The mountain is a significant tourist attraction. In 2011, it received 2.45 million visitors. In 2022, it received 1,427,941 visitors. The mountain is especially popular for watching sunrises.

Tourists can ascend the mountain using a wooden deck staircase. It reportedly takes up to 30 minutes to ascend to the top. It is open from an hour before sunrise until 8 p.m. from November to February and until 9 p.m. from March to October. The mountain offers views of Hallasan, the island Udo, and the ocean.
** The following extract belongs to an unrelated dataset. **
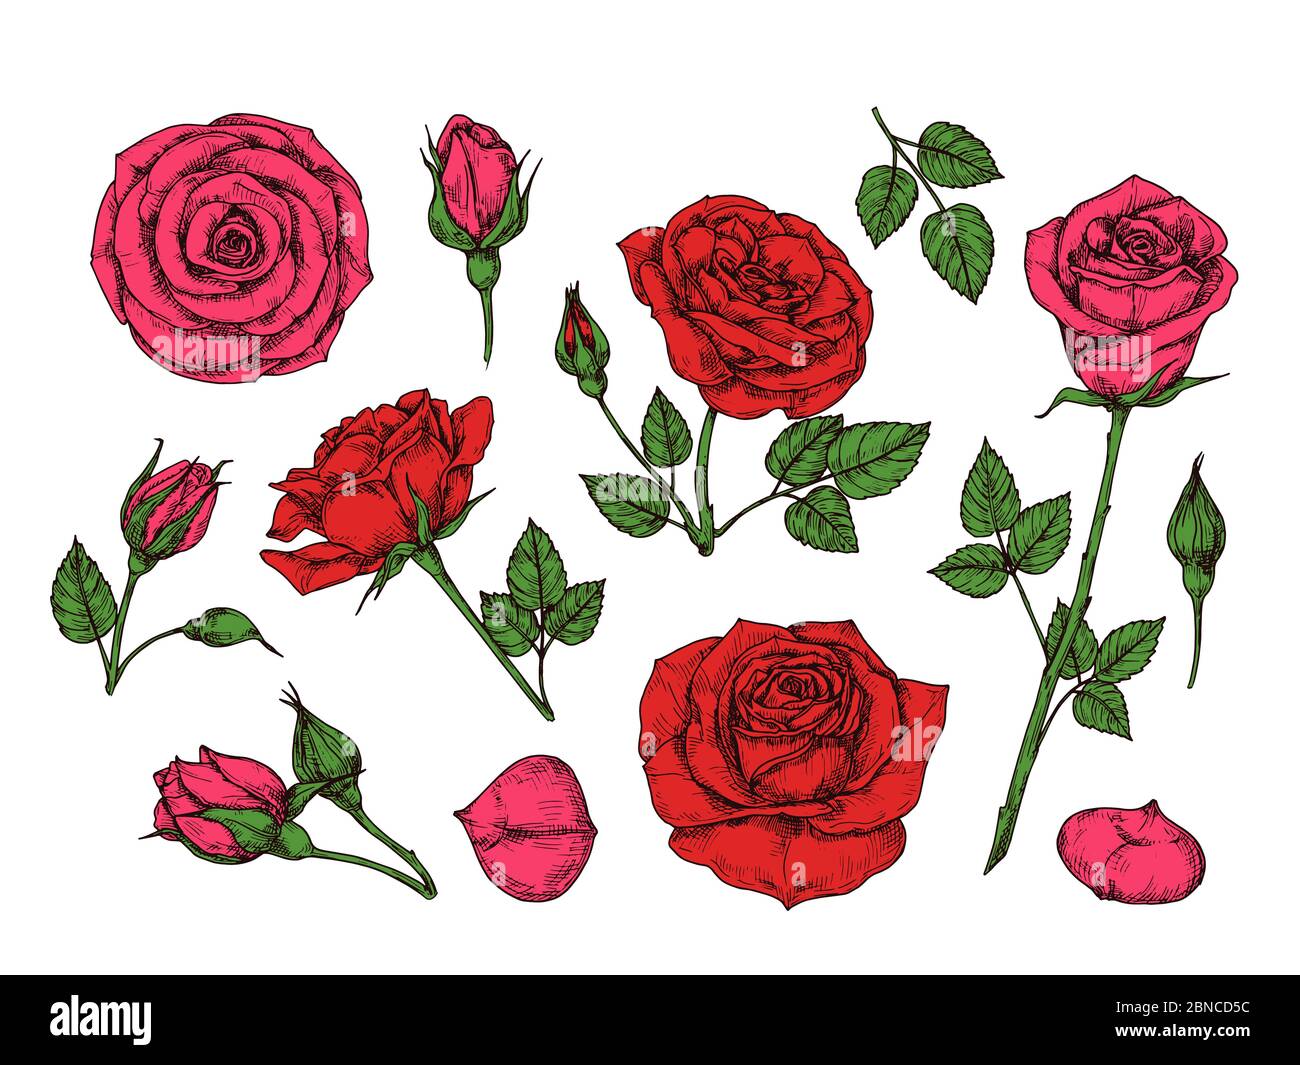 Rote Rose. Handgezeichnete Rosen Gartenblumen mit grünen Blättern, Knospen und Dornen. Cartoon Vektor isolierte Sammlung. Rote Rose Blütenblatt, Blumenblume romantische Illustration Stock Vektor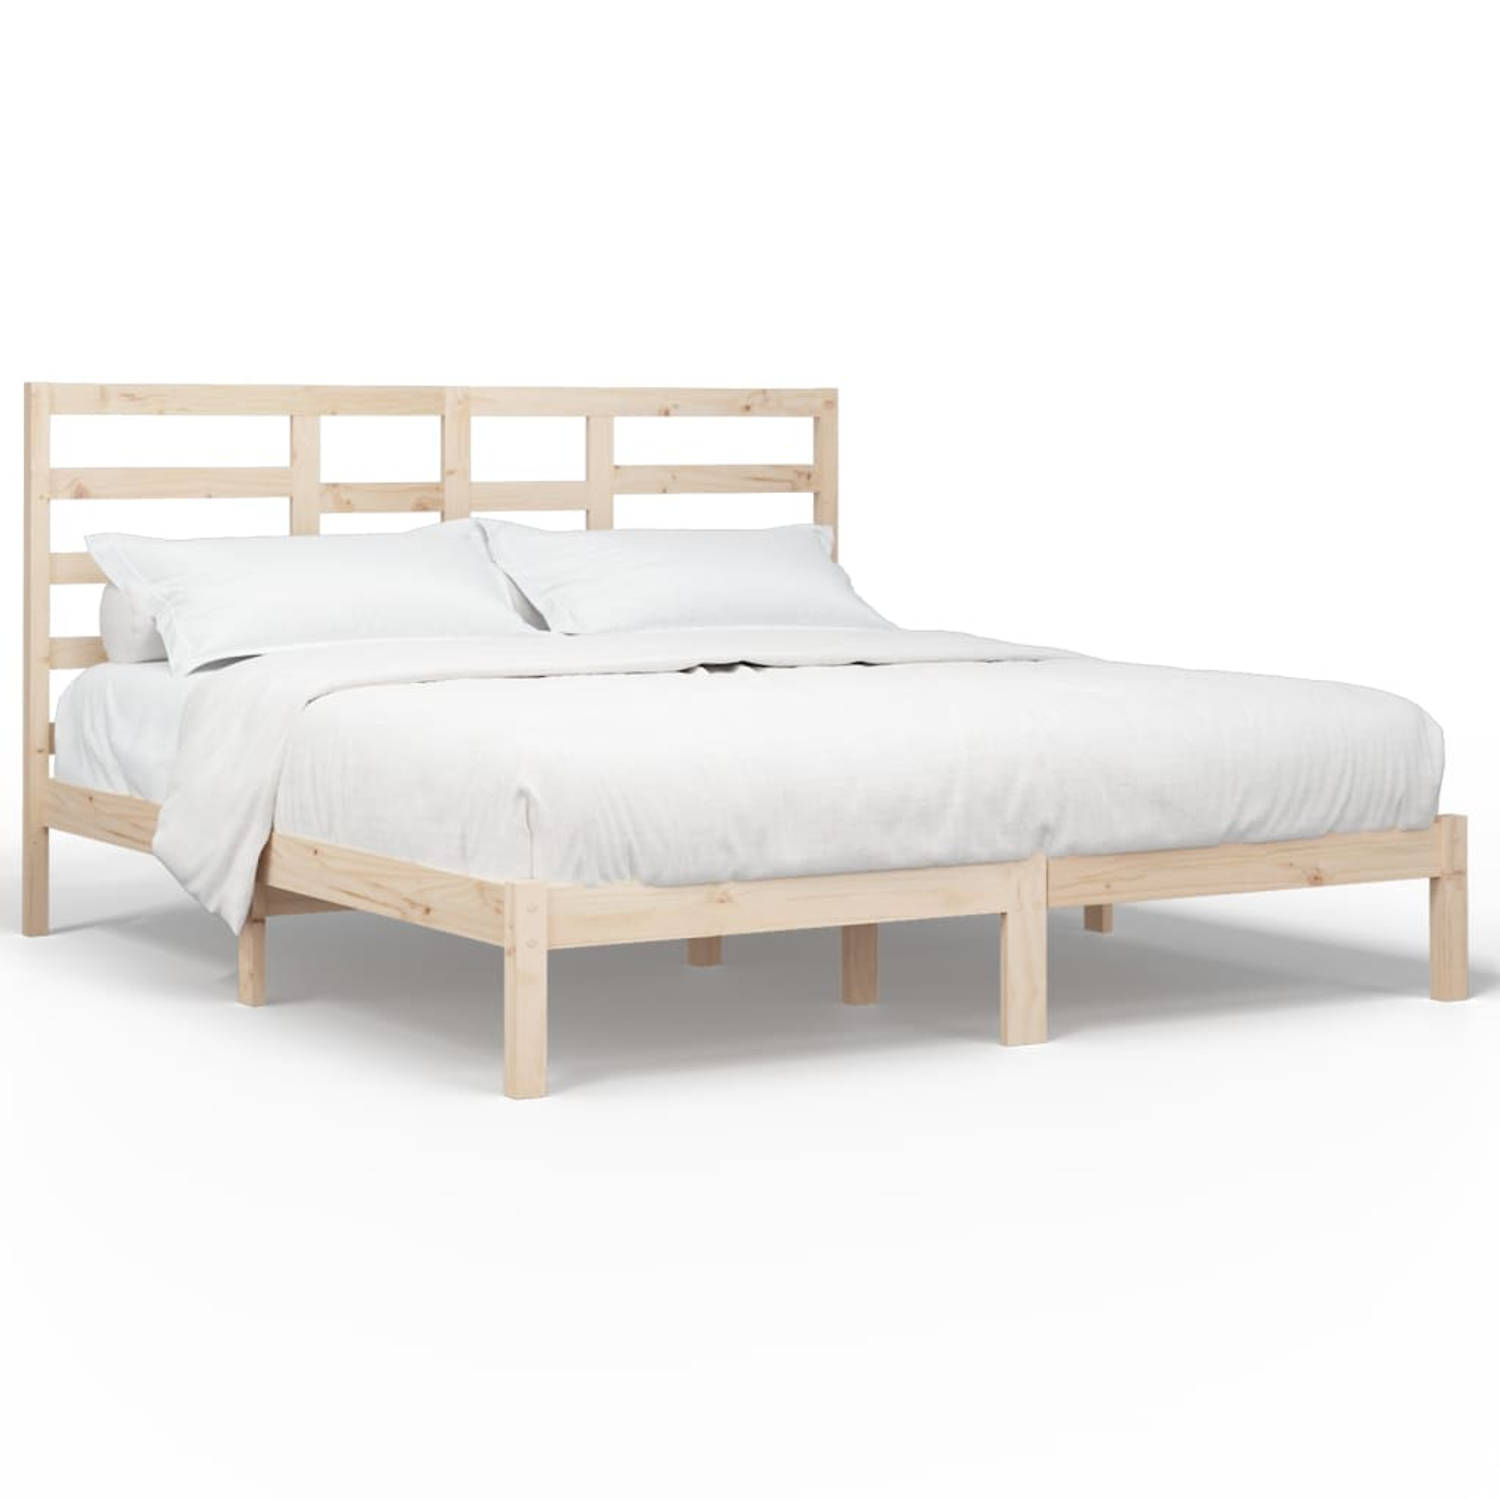 The Living Store Bedframe massief hout 200x200 cm - Bedframe - Bedframes - Bed - Bedbodem - Ledikant - Bed Frame - Massief Houten Bedframe - Slaapmeubel - Tweepersoonsbed - Bedden

Tourists can also tour the area around the mountain, and take cruises that offer views of the mountain and of Udo.

The mountain was designated a Natural Monument of South Korea on July 19, 2000. This status has reportedly aided conservation efforts on the mountain. On July 2, 2007, it was designated a UNESCO Natural World Heritage Site. In October 2010, it was named a Global Geopark Network site.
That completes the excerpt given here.